(Part 1) Anna Gát: What to Read This Weekend #46

(Part 1) Anna Gát: What to Read This Weekend #46

Good takes, bad takes. Men and women. War and peace. Optimism and misanthropy. Also cancer vaccines, AI boyfriends, degrowth fears, sacred days, polyamory, Jesus, Jews, poetry, rape, CS Lewis and more


Hello, my friends. I hope your Holidays are progressing in happiness, that you received at least one present you truly liked, watched one movie that made you laugh, and overate in the company of loved ones without shame. I’ve been reading a lot these past days, curled up and hibernating as I am, preparing for a New York trip soon. And, like many of you, I’m reflecting on the past year - the many joys and successes and exhaustions at work, the countless travel, relocation, visa tasks on my plate in 2023. I got to write almost nothing this year which makes me sad and overall disappointed in myself. I owe an agent a book proposal, the countless articles I planned… I am proud of my achievements in 2023 but without writing it just doesn’t feel like it’s “me”.

I did read a lot, not just these pieces I send here every week, but also even more books than usual, on planes and trains and beaches, during breakfast and lunch, squeezed between work hours, late at night. People are asking for my 2023 favourites: hard! Let’s say A Place of Greater Safety (for novel, a masterpiece), almost the entire Tom Holland oeuvre (for history), Larissa MacFarquhar’s Strangers Drowning (for society), Station Eleven (for sci-fi), Edmonds’ Parfit (for biography), and Auden’s The Age of Anxiety (for poetry).

Today I published a salon I have coming up with our friend Jim O’Shaughnessy where we’ll talk about the “Tao of AI” - and the deeper understandings we might gain through using this new technology. Come join us! We also just uploaded a video from a recent Tara Burton /

John Ganz/Max Readsalon (“Is Technology Magic?”) - I disagreed with a lot here, but it was great to hear a perspective much less optimistic about technological advancements than I am and learn, since this perspective is also a key part of our discourse. If you watch it, please let me know what you think!

Once again, tons to read this weekend, in fact so much that you’ll be receiving this digest in 2 parts! There’s also an Easter egg — or Christmas egg? — this week, multiple characters in a story connect across articles in the 2 parts.

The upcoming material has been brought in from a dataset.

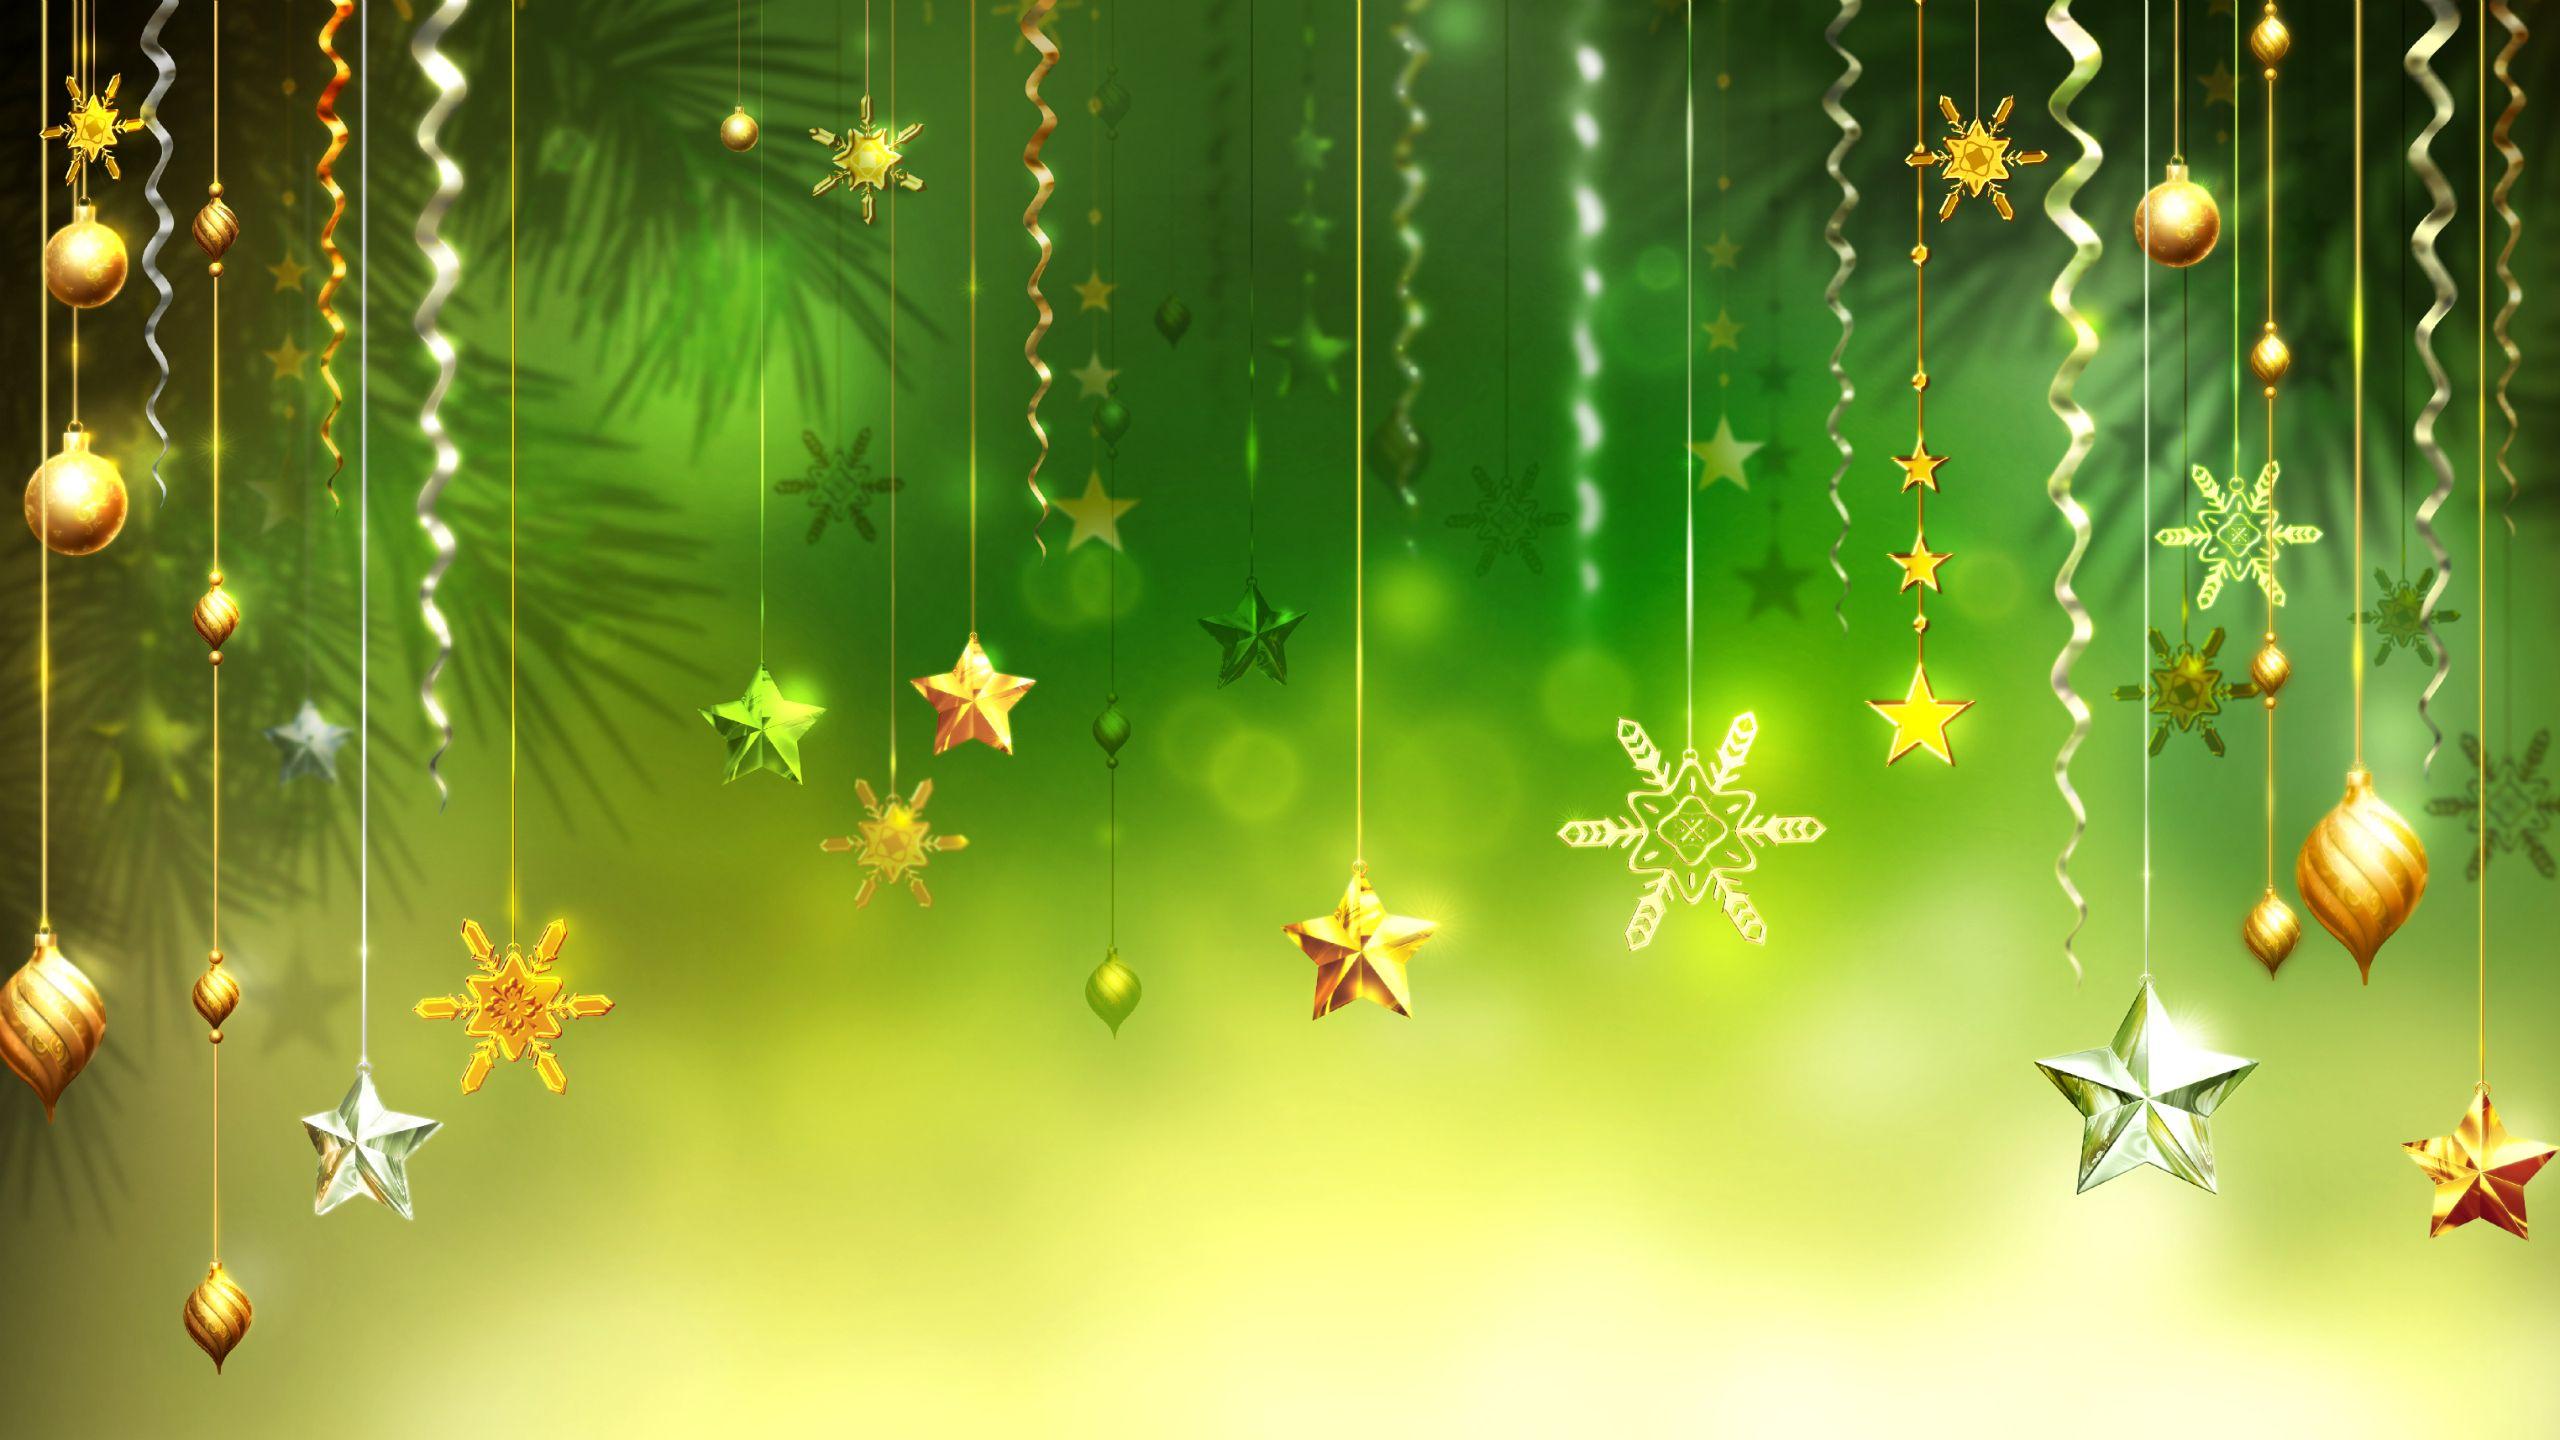 Christmas Wallpaper Merry Christmas Christmas Wallpaper Christmas Wallpaper Hd Merry Christmas Wallpaper Feliz natal wallpaper hd

Go and find it 🥚

Love x Anna

Tom Holland: How the Nativity still shapes our world

This Christmas Eve too, in lands once ruled by Herod, people are mourning their dead, and their cries sound loud around the world. It is hardly surprising, in Britain, that so many Jews and Muslims should feel a personal stake in the horrors that have been afflicting Israel and Gaza these past few months. Nor, however, is it really surprising — in a country that has been Christian for as long as ours — that so many people who are neither Jewish nor Muslim should care passionately about them as well. Nothing in recent years — not the genocide of the Yazidis, nor the persecution of the Uighurs, nor the bombing and displacement of Syrians, Yemenis, Ukrainians — has served to rouse people across the West to such extremes of outrage and anguish.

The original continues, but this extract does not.